In a case involving Tesla Inc., the NLRB flipped the standard on its head by ruling that any limitation on the display of union insignias in the workplace is presumptively unlawful, except in special circumstances that make it necessary to maintain production or discipline in the workplace.


With its new ruling in Tesla Inc., the NLRB returned to the standard it set in a previous case by overruling the 2019 decision in Wal-Mart Stores Inc.

In 2019, the NLRB’s decision in Wal-Mart Stores Inc. created a distinction between rules that completely prohibit the display of union insignias and rules that partially restrict them. Under the decision for this case., only rules that completely prohibited the display of union insignias were required to prove special circumstances for the necessity of the workplace limitation.

A less stringent standard from a decision in a previous caseapplied to the rules that partially restricted the display of union insignias. Under this ruling, the Board must balance the following two factors: (1) the nature and extent of the potential impact on rights protected by the National Labor Relations Act (NLRA) and (2) the legitimate justifications of the employer associated with the rule.

The Board’s Wal-Mart Stores Inc. decision, in essence, requires answering two questions before determining the standard to apply in union insignia cases:

  • Did an employer’s policy prohibit the display of all union insignias, or did it only partially restrict the display of union insignias?
  • If it only partially restricted the display of union insignias, did the case present a facial challenge or an as-applied challenge?

A facial challenge means that a restriction is always unconstitutional, no matter how it is applied. Conversely, an as-applied challenge means that a restriction is only unconstitutional when applied in some specific circumstances.

New Standard Same as the Old Standard

The NLRB’s decision in Tesla Inc., on the other hand, provides that once any limitation on employees’ right to display union insignias is established, the question is only whether the employer can prove special circumstances for the limitation. Additionally, the Board ruled that the limitation on the display of union insignias must be narrowly tailored to address those special circumstances.

In Tesla Inc., the employer’s policy allowed production employees to wear assigned teamwear. With their supervisor’s approval, production employees could substitute teamwear for all-black clothing that was “mutilation free,” “work appropriate,” and posed no safety risks.

The employer’s teamwear policy prohibited production employees from wearing shirts with a logo or an emblem, including a union insignia, instead of a teamwear shirt. The Board found that the employer’s interference was unlawful because the teamwear policy restricted the production employees’ ability to display union insignias. For this to be lawful, the employer had the burden of establishing special circumstances warranting the policy.

In Tesla Inc., the employer attempted to establish special circumstances by showing that it intended to lower the risk of clothing that could cause mutilations or damage to its unfinished vehicles.

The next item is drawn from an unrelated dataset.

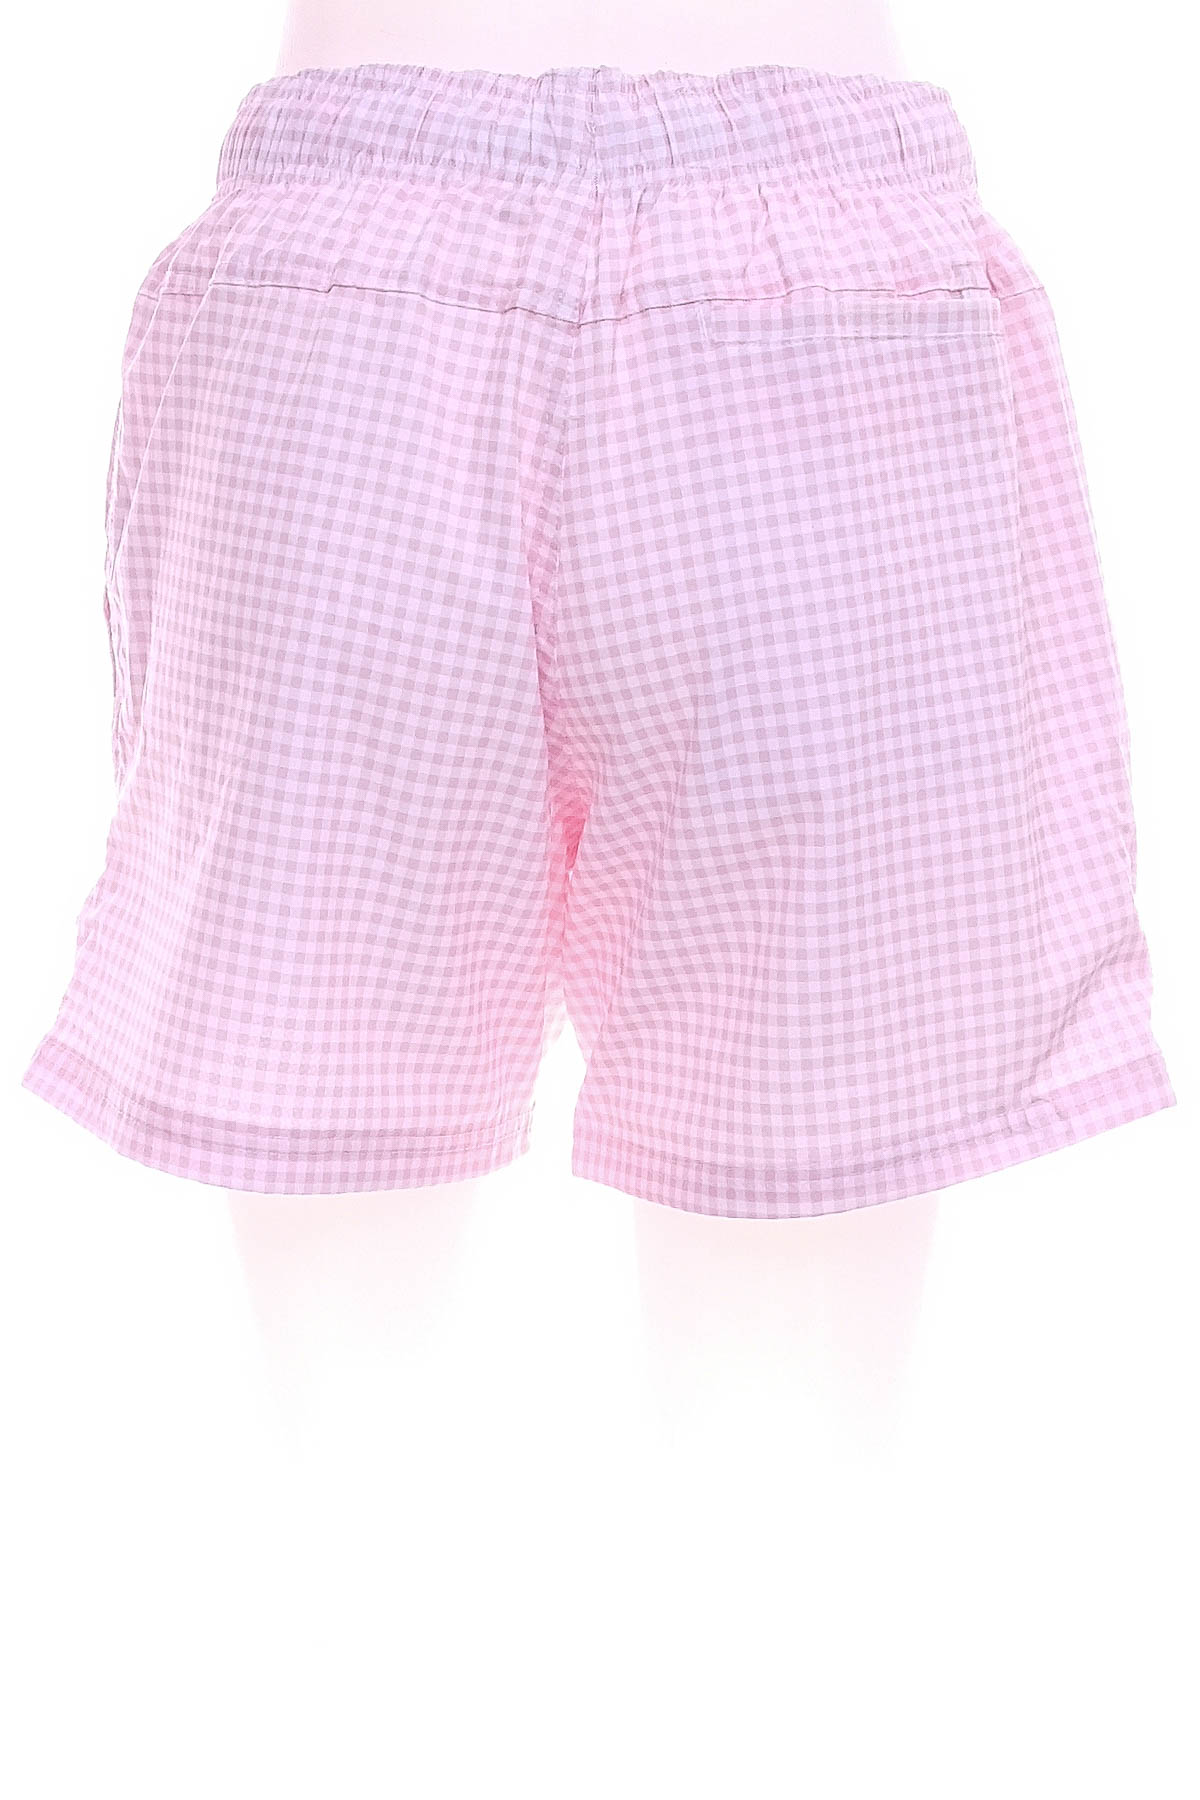 Men's shorts - Cotton On Garments - 1

However, it didn’t provide evidence that shirts with non-employer logos, such as union logos, posed a mutilation risk or a risk to the unfinished vehicles.

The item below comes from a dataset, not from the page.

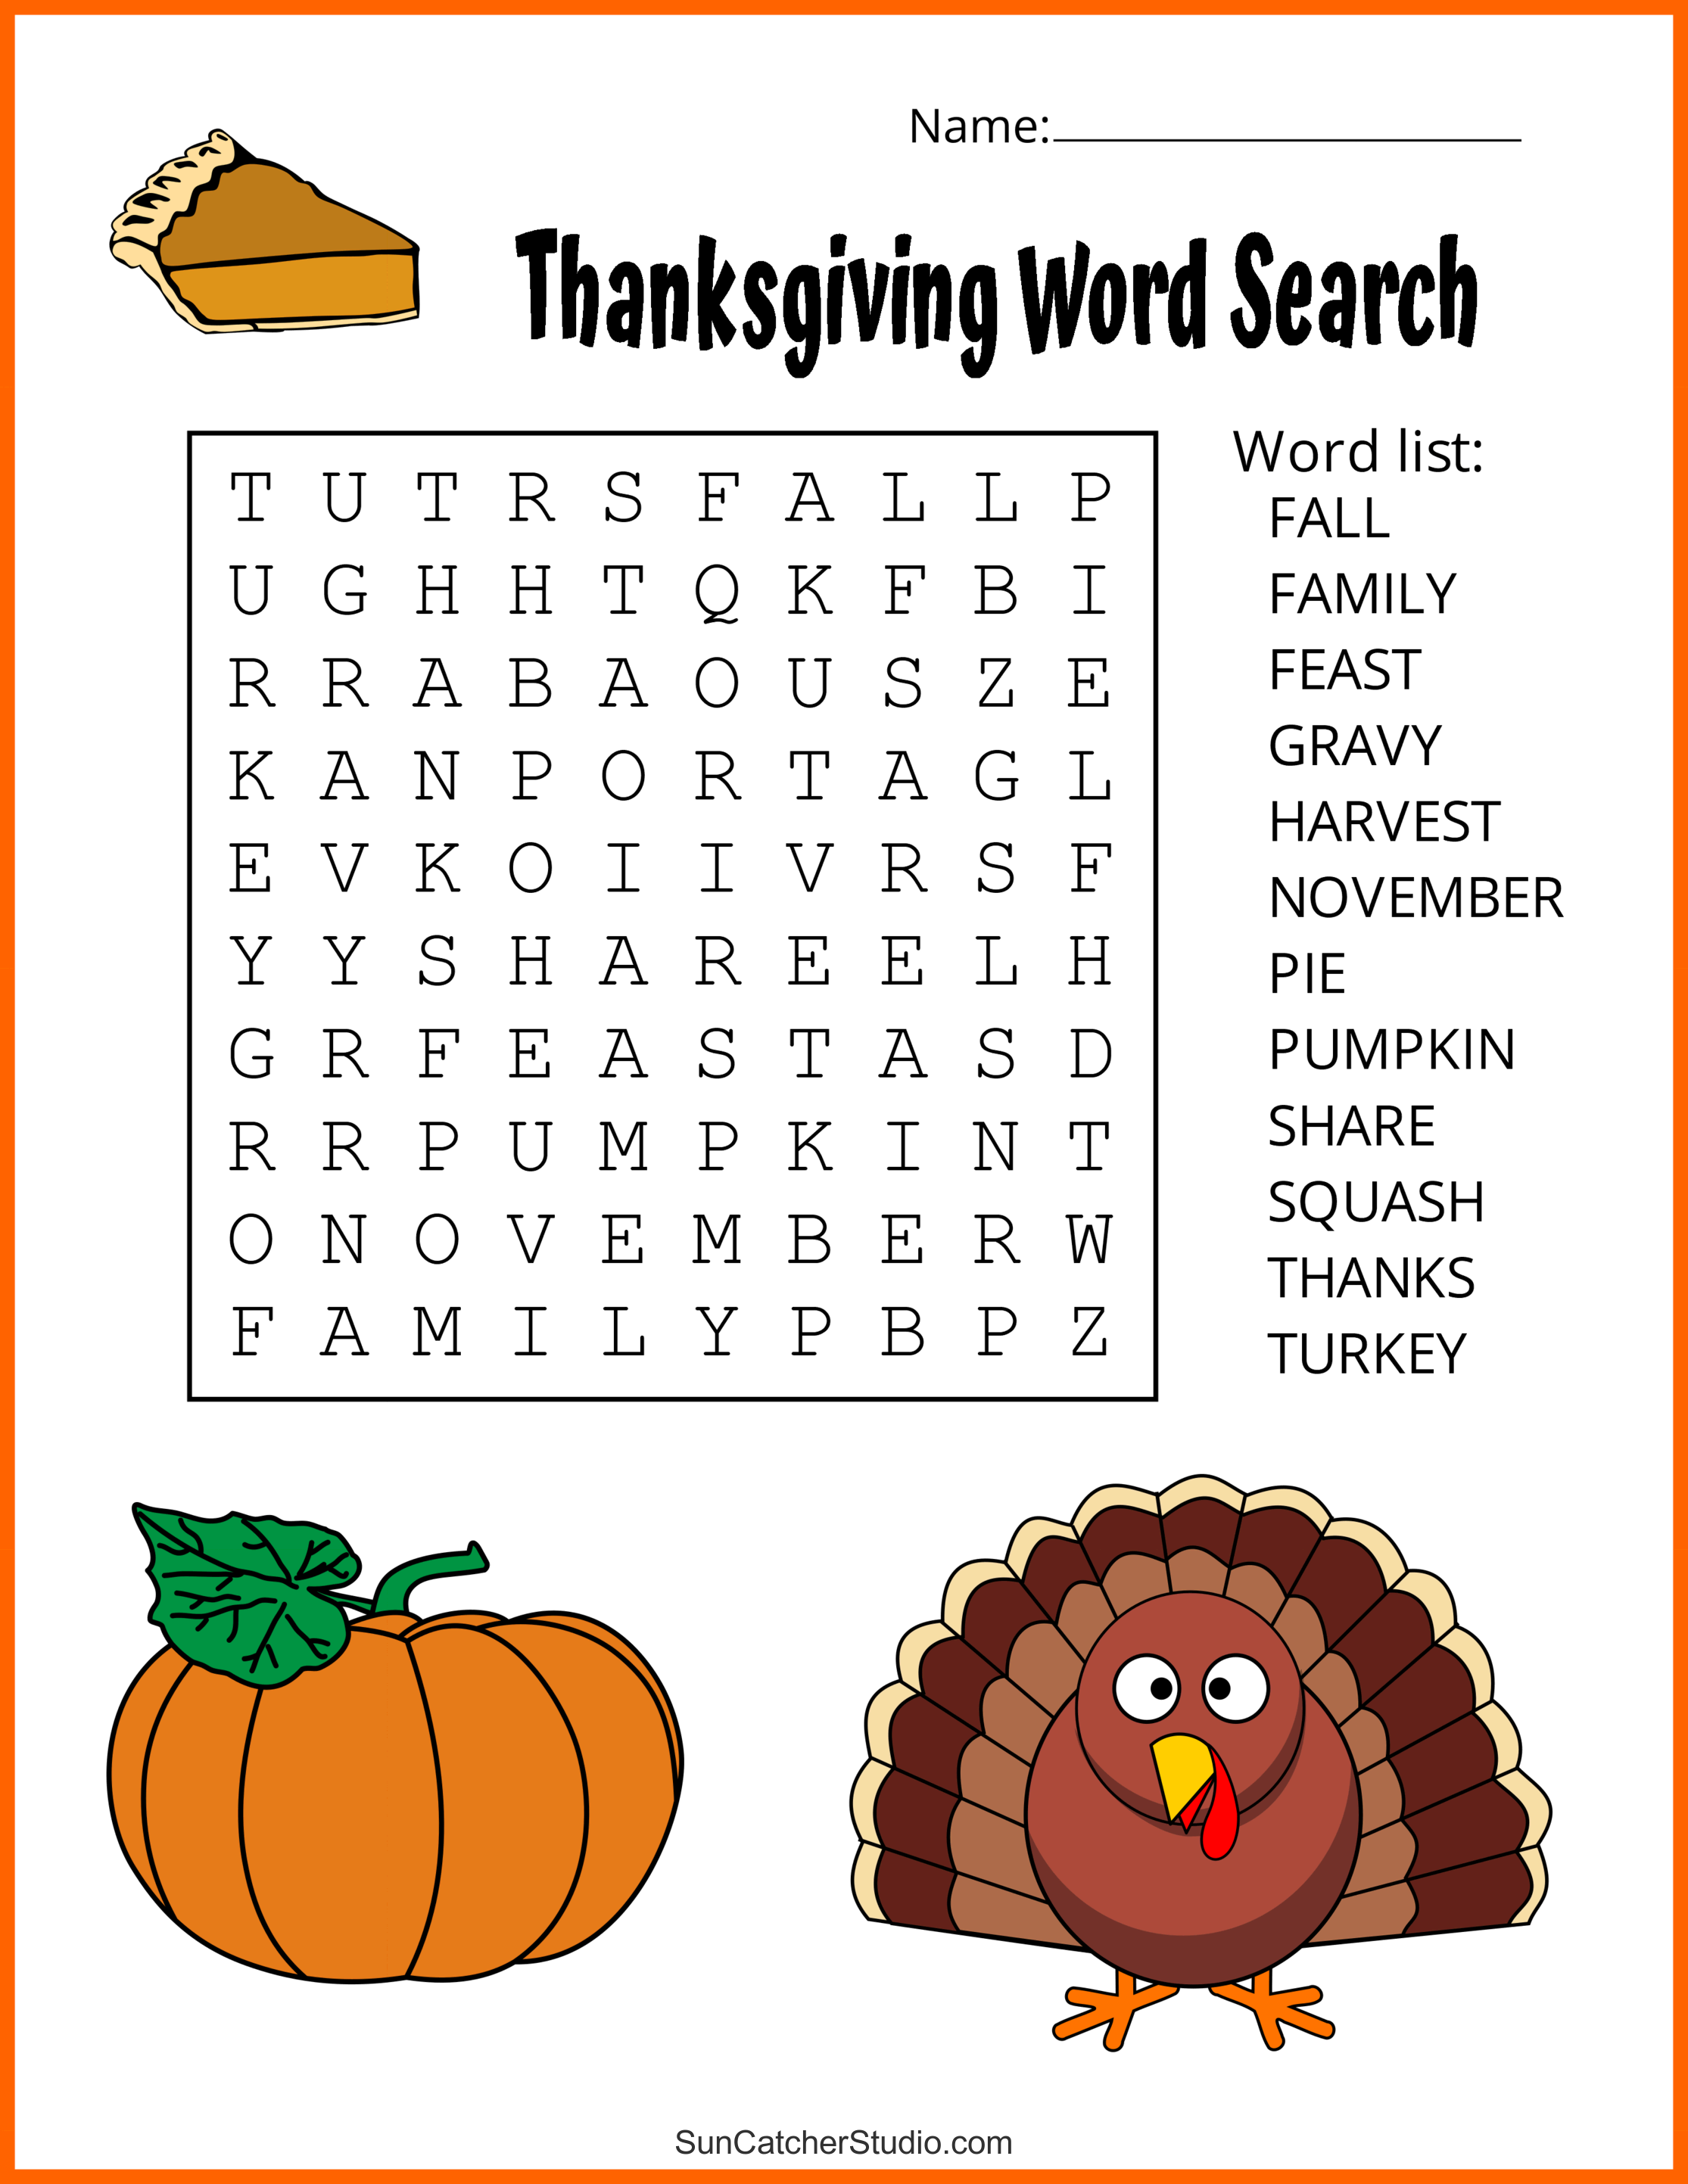 Thanksgiving Word Search Printable Free Printable Wor - vrogue.co

In addition, the employer attempted to establish special circumstances by alleging that the policy helped maintain visual management of its employees. However, it didn’t provide any evidence of special circumstances that would have justified banning production employees from wearing black union shirts. Therefore, the teamwear policy wasn’t narrowly tailored to the special circumstances justifying the creation of the rule.

Bottom Line

The Board’s decision in Tesla Inc. will significantly limit employers’ previous abilities to mandate uniforms or other designated clothing in the workplace. Moving forward, the NLRB will require an employer to establish special circumstances to justify restrictions on its employees’ right to display union insignias.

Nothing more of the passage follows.